Compressed ligand screening

To perform compressed ligand screening on PDAC organoids, cells were expanded as described, resuspended in OWRNA medium with 10% (v/v) Matrigel and seeded at 20,000 single cells in 35 µl per well into a flat-bottom ultralow attachment 96-well assay plate (Corning, 3474) 1 day before dispensing ligands. A CS was designed by randomly assigning 68 ligands (Supplementary Table 1) to 72 pools such that each pool contained four or five ligands (average of 4.75 ligands per pool). Two such plates were designed, with distinct random assignment of ligands to pools in each plate. Ligands were first dispensed into 25 µl per well of OWRNA medium in a 384-well format transfer plate (in a quadrant-wise manner). After ligand dispense, each well was backfilled with an additional 50 µl per well of OWRNA medium. Next, 65 µl per well was transferred with a Tecan Freedom Evo 150 from each transfer plate quadrant into the 96-well assay plate with PDAC organoids, making a final total volume of 100 µl per well in the assay plate. Ligand concentration was modified to account for the multistage transfer such that final assay plate concentrations were as reported (Supplemental Table 1). Assay plates were cultured for 7 days at 37 °C in 5% CO2 and processed for scRNA-seq with cell hashing as described below.

Single-ligand screening

A total of 11 candidate ligands were tested independently for their effects on cell state: 50 ng ml−1 recombinant human (rHu) Wnt7A, 500 ng ml−1 rHu RSPO3, 10 ng ml−1 rHu TNF, 10 ng ml−1 rHu IL-13, 10 ng ml−1 rHu IL-4, 10 ng ml−1 rHu IFNγ, 10 ng ml−1 rHu IL-1A, 10 ng ml−1 rHu IL-1B, 10 ng ml−1 rHu TGFβ1, 25 ng ml−1 rHu ADIPOQ and 10 ng ml−1 rHu activin A (Peprotech). The same batch of organoids used in the original screen (PANFR0562) was used for the validation experiment; the organoids were all cultured and maintained in ‘OWRNA’ medium. Additional details on culture conditions and processing can be found in Supplementary Information.
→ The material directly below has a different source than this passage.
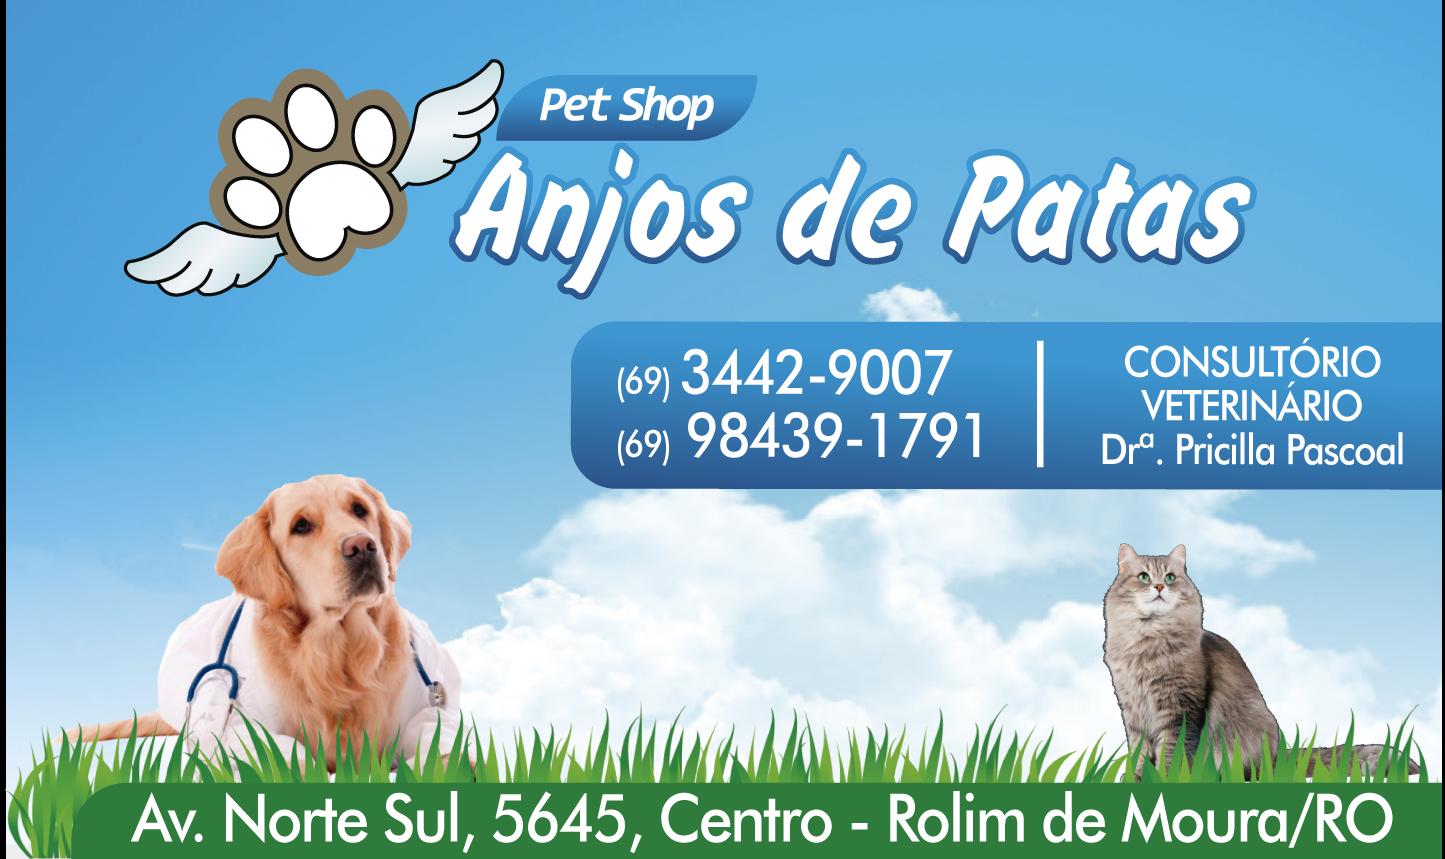 Pet Shop Anjos de Patas 2

PDAC scRNA-seq with cell hashing

PDAC organoids for CSs and validation experiments were dissociated to single cells, hashed with antibody-derived oligo tags, pooled and captured for scRNA-seq by Honeycomb Bio HIVEs. Full details can be found in Supplementary Information.

Compressed 90-drug MOA screen

PBMCs were isolated from whole blood by density centrifugation with Ficoll-Paque PLUS (Cytiva, 17144002), followed by red blood cell (RBC) lysis with 1× RBC lysis solution (Invitrogen, 50-112-9751). PBMCs were resuspended and cultured in ATCC-modified RPMI 1640 medium (Thermo Fisher, A1049101) supplemented with 10% FBS. For viability screens and scRNA-seq experiments, fresh PBMCs were seeded at a density of 3 × 105 cells in 200 μl per well in either a canonical v-bottom 96-well plate (Caplugss Evergreen, 222-8031-1V)—to be processed for sequencing—or a white, flat-bottom 96-well plate (Perkin Elmer, 6005680)—to be processed for cell viability—preloaded with drugs to be screened using the Echo 555 Liquid Handler (Beckman Coulter, E555-1115). Briefly, the Echo uses acoustic droplet ejection technology, whereby sound waves eject precisely sized droplets from the compound source plate onto the destination plate suspended above. A CS was designed by randomly assigning 90 drugs (https://github.com/jump-cellpainting/JUMP-MOA) to 45 pools (along with three DMSO-only wells for a total of 48 wells) such that each pool contained six drugs, each at a volume of 0.1 μl with a final concentration of 3 μM for each drug after the addition of 200 μl of PBMCs. Two such plates were designed, with distinct random assignment of ligands to pools in each plate. Cells were then allowed to rest for 16 h at 37 °C in 5% CO2 before acute stimulation with 5 μg ml−1 LPS (Thermo Fisher, 00-4976-93), 10 ng ml−1 IFNβ (Peprotech, 300-02BC-5UG) or no-stimulant control for 4 h. A total of 300,000 cells were sufficient to test viability; however, to ensure that we obtained an adequate number of cells for sequencing, we had duplicate plates of each condition, giving us a total of 600,000 cells per condition.

To evaluate viability, CellTiter-Glo solution was added to cells after stimulation as per the manufacturer’s instructions (Promega, G7573) and luminescence was read using the Envision plate reader (Perkin Elmer, 106406).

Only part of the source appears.